“He tells me we can trust you,” Jude says to Wren.
“Hold,” Wren tells the falcons, her voice shaking a little. He can see in her face that she, despite everything, expected to find one of their blades to her throat. “Lower your weapons, and the High Court will do the same.”
“Get away from her!” a voice comes from one of the tents, and Bex steps into view. She’s soaked through and shivering, and when she sees them, her eyes go wide. “Wren?”
Horror clouds Wren’s expression as Bex steps out of the shelter of the canvas into the rain. One hand goes to cover her mouth automatically, to hide her sharp teeth. Wren never wanted her family to look at her and see a monster.
Oak notes her swaying a little with nothing nearby to grasp to keep her upright. Wren has been drinking up far too much magic. She must feel as though she is fraying at the edges. She may be fraying at the edges.
“Bex,” Wren says so quietly that he doubts the girl can hear the words over the storm.
The mortal takes a step toward her.
“She’s actually here,” Wren says, sounding awed. “She’s okay.”
“Oh no,” says Bogdana. “That girl isn’t your kin. You’re my child. Mine. And you, boy—”
Lightning arcs down out of the sky, toward Oak. He steps back, lifting his sword automatically, as though he could block it like a blow. For a moment, everything around him goes white. And then he sees Wren lunge in front of him, her hair wild and wind-tossed around her head, electricity flashing inside her as though fireflies are trapped beneath her skin.
She caught the bolt.
Her lips curve, and she gives an odd, uncharacteristic laugh.
Bogdana’s lips pull back in a hiss of astonishment. But she’s accomplished this—Oak no longer has his sword to her throat, and even Jude has taken a step back.
The storm hag shakes her head. “You imprisoned the prince. You threw him into your dungeon. He tricked you. You can’t trust him.”
Wren slumps to her knees, as though her legs collapsed beneath her.
“This is done,” Oak warns Bogdana. “You’re done.”
“Do not think to choose him over me,” Bogdana snaps, ignoring him. “Your sister is a game piece. He’ll use that mortal girl to manipulate you to do exactly what he wants, rather than use her, as I did, to help you take what is yours. And she is in more danger from him than she could ever be from me.”

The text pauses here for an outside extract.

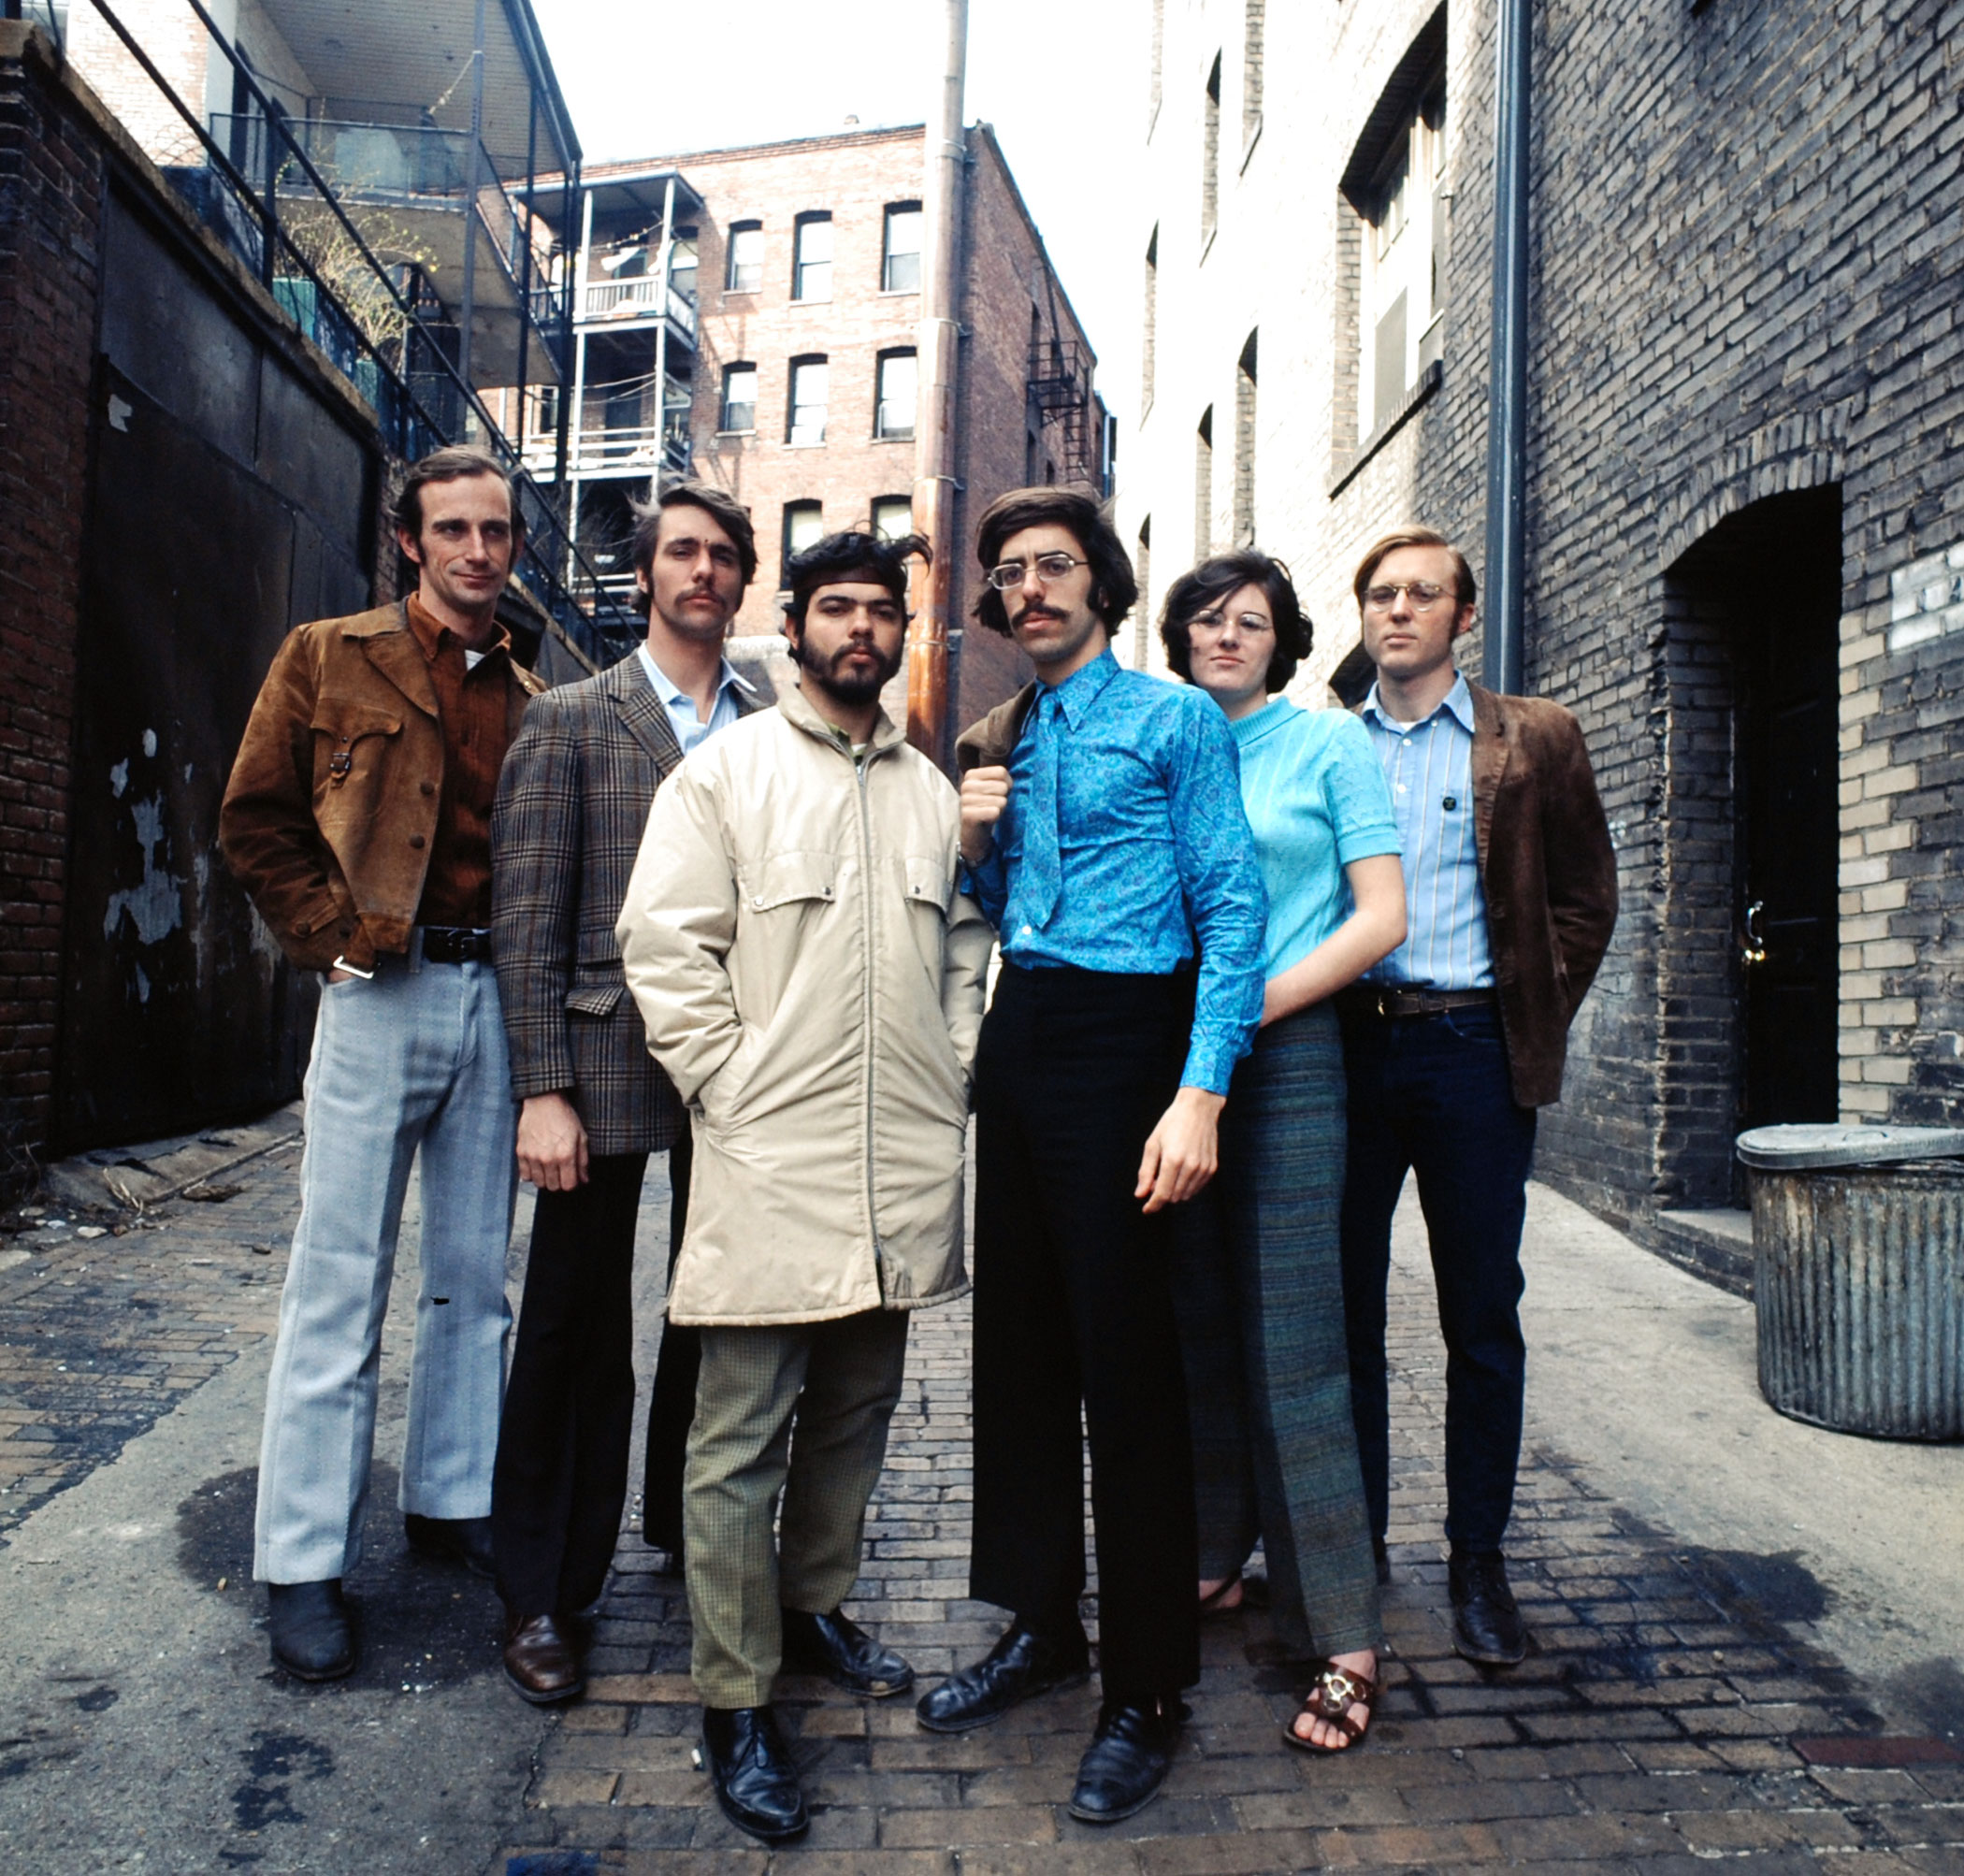 In a Washington D. C. ghetto, key Earth Day staffers (from left) Denis Hayes, Andrew Garling, Arturo Sandoval, Stephen Cotton, Barbara Reid and Bryce Hamilton gather for a group portrait.

Wren’s hands still spark with the aftereffects of the bolt. “You keep telling me that others will do to me what you have already done. I know what it is to want something so much that you would rather have the shadow of it than nothing, even if that means you will never have the real thing. And love is not that.
“You could have trusted me to choose my allies. Could have trusted how I would decide to use my powers. But no, you had to bring my unsis—my sister here and show her all the things I was afraid she would see. Show her the me that I was afraid for her to know. And if she spurns me, I am certain you will glory in it, the proof that I have no one but you.”
Wren looks across the mud at Bex. “Prince Oak will make sure you get home.”
“But—” the girl begins.
“You can trust him,” Wren says.
“No, child,” Bogdana snaps. Thunder rumbles. Dust devils begin to swirl around her, sucking up sand. “We have come too far. It’s too late. They will never forgive you. He will never forgive you.”
Oak shakes his head. “There is nothing to forgive. Wren tried to warn me. She would have given up her life to keep from being your pawn.”
Bogdana remains focused on Wren. “Do you really think you’re a match for my power? You caught one bolt of lightning, and you’re already coming apart.”
The falcons move toward their queen, turning their weapons on the storm hag for the first time.
Wren gives a wan smile. “I was never meant to survive. If we went through with this battle and the one that would inevitably come next, if you forced me to annihilate all the magic thrown at us, there would be nothing left of me. The magic that knits me together would have been eaten away.”
“No—” Bogdana begins, but she can’t say the rest. Can’t, because it would have been a lie.
“You’re right about one thing, though. It’s too late.” Wren opens her arms, as though to embrace the night. As she does, it seems that the whole storm—the spiraling wind, the lightning—recognizes her as its center.